Installing a Programming Language

Spark imposes no special restrictions on where you can do your development. The Sparkour recipes will continue to use the EC2 instance created in a previous tutorial as a development environment, so that each recipe can start from the same baseline configuration. However, you probably already have a development environment tuned just the way you like it, so you can use it instead if you prefer. You'll just need to get your build dependencies in order.

  1. Regardless of which language you use, you'll need Apache Spark and a Java Runtime Environment (8 or higher) installed. These components allow you to submit your application to a Spark cluster (or run it in Local mode).
  2. You also need the development kit for your language. If developing for Spark 2.x, you would want a minimum of Java Development Kit (JDK) 8, Python 3.0, R 3.1, or Scala 2.11, respectively. You probably already have the development kit for your language installed in your development environment.
  3. Finally, you need to link or include the core Spark libraries with your application. If you are using an Integrated Development Environment (IDE) like Eclipse or IntelliJ, the official Spark documentation provides instructions for adding Spark dependencies in Maven. If you don't use Maven, you can manually track down the dependencies in your installed Spark directory:
    • Java and Scala dependencies can be found in jars (or lib for Spark 1.6).
    • Python dependencies can be found in python/pyspark.
    • R dependencies can be found in R/lib.

Instructions for installing each programming language on your EC2 instance are shown below. If your personal development environment (outside of EC2) does not already have the right components installed, you should be able to review these instructions and adapt them to your unique environment.

If you intend to write any Spark applications with Java, you should consider updating to Java 8 or higher.

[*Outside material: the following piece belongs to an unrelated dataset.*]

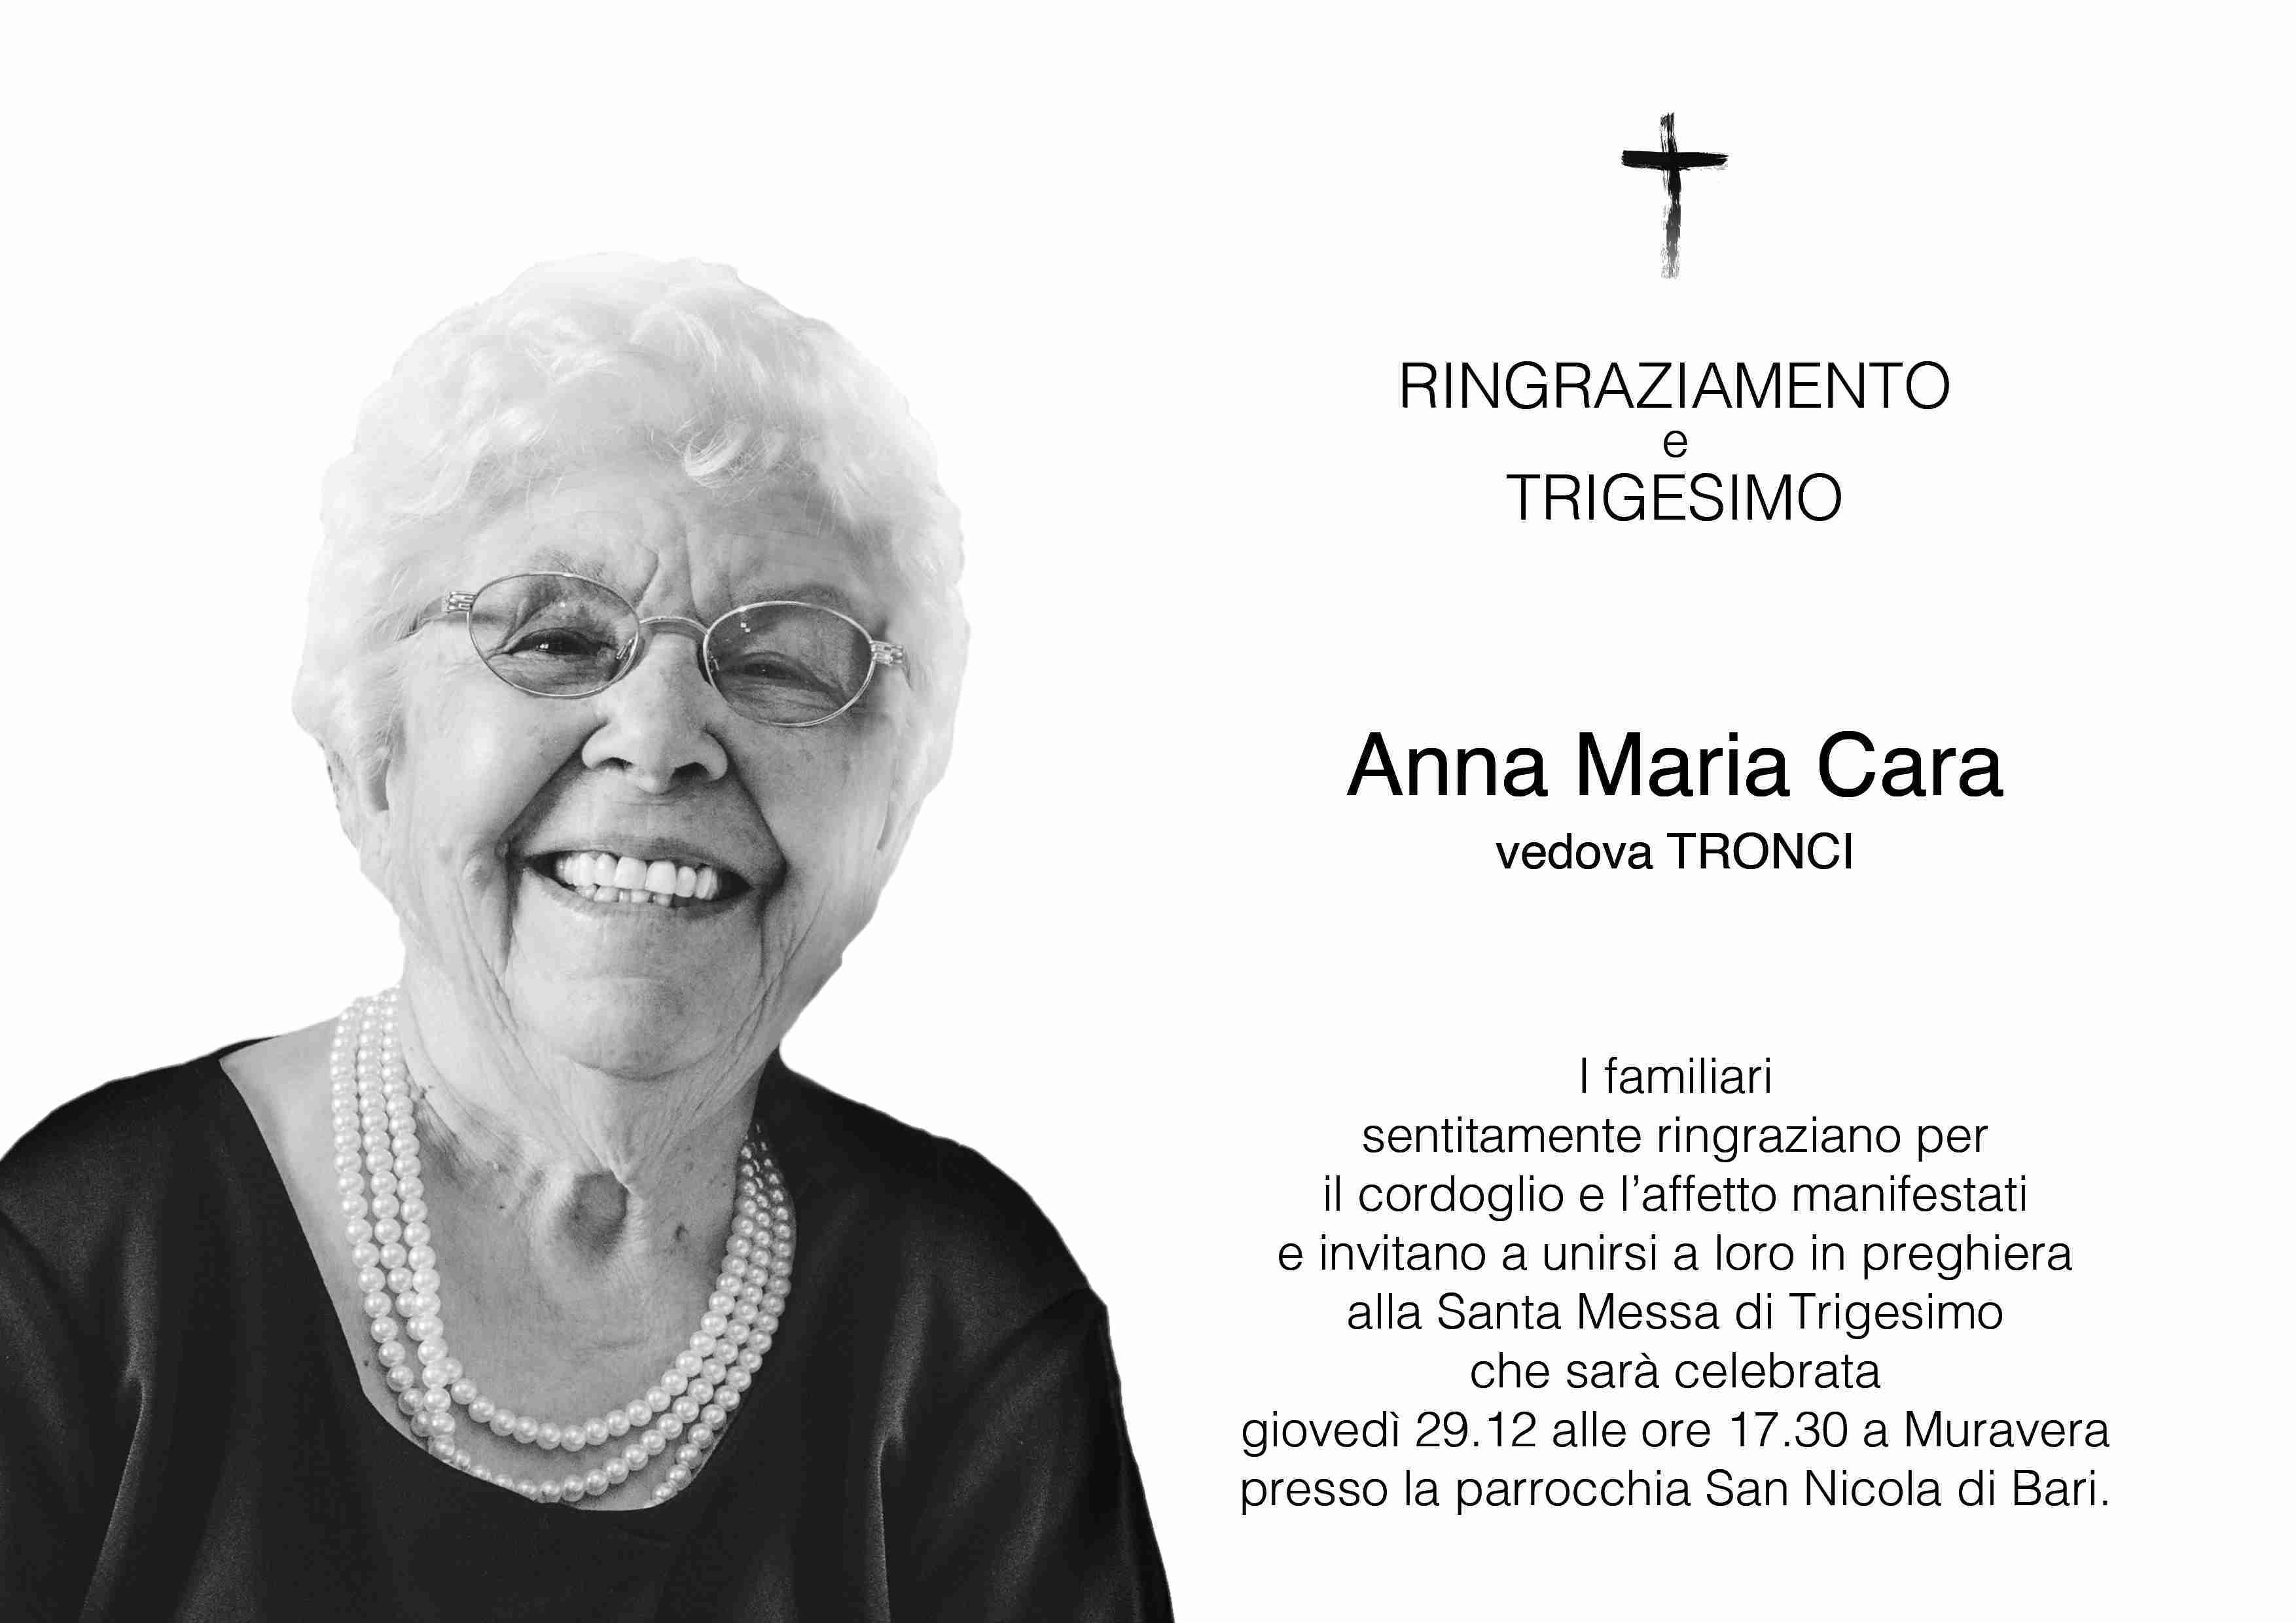 Anna Maria Cara

This version of Java introduced Lambda Expressions which reduce the pain of writing repetitive boilerplate code while making the resulting code more similar to Python or Scala code. Sparkour Java examples employ Lambda Expressions heavily, and Java 7 support may go away in Spark 2.x. The Amazon Linux AMI comes with Java 7, but it's easy to switch versions:

Because the Amazon Linux image requires Python 2 as a core system dependency, you should install Python 3 in parallel without removing Python 2.

To complete your installation, set the PYSPARK_PYTHON environment variable so it takes effect when you login to the EC2 instance. This variable determines which version of Python is used by Spark.

You need to reload the environment variables (or logout and login again) so they take effect.

The R environment is available in the Amazon Linux package repository.

Scala is not in the Amazon Linux package repository, and must be downloaded separately. You should use the same version of Scala that was used to build your copy of Apache Spark.

  • Pre-built distributions of Spark 1.x use Scala 2.10.
  • Pre-built distributions of Spark 2.4.1 and earlier use Scala 2.11.
  • Pre-built distributions of Spark 2.4.2 use Scala 2.12.
  • Pre-built distributions of Spark 2.4.3 and later use Scala 2.11.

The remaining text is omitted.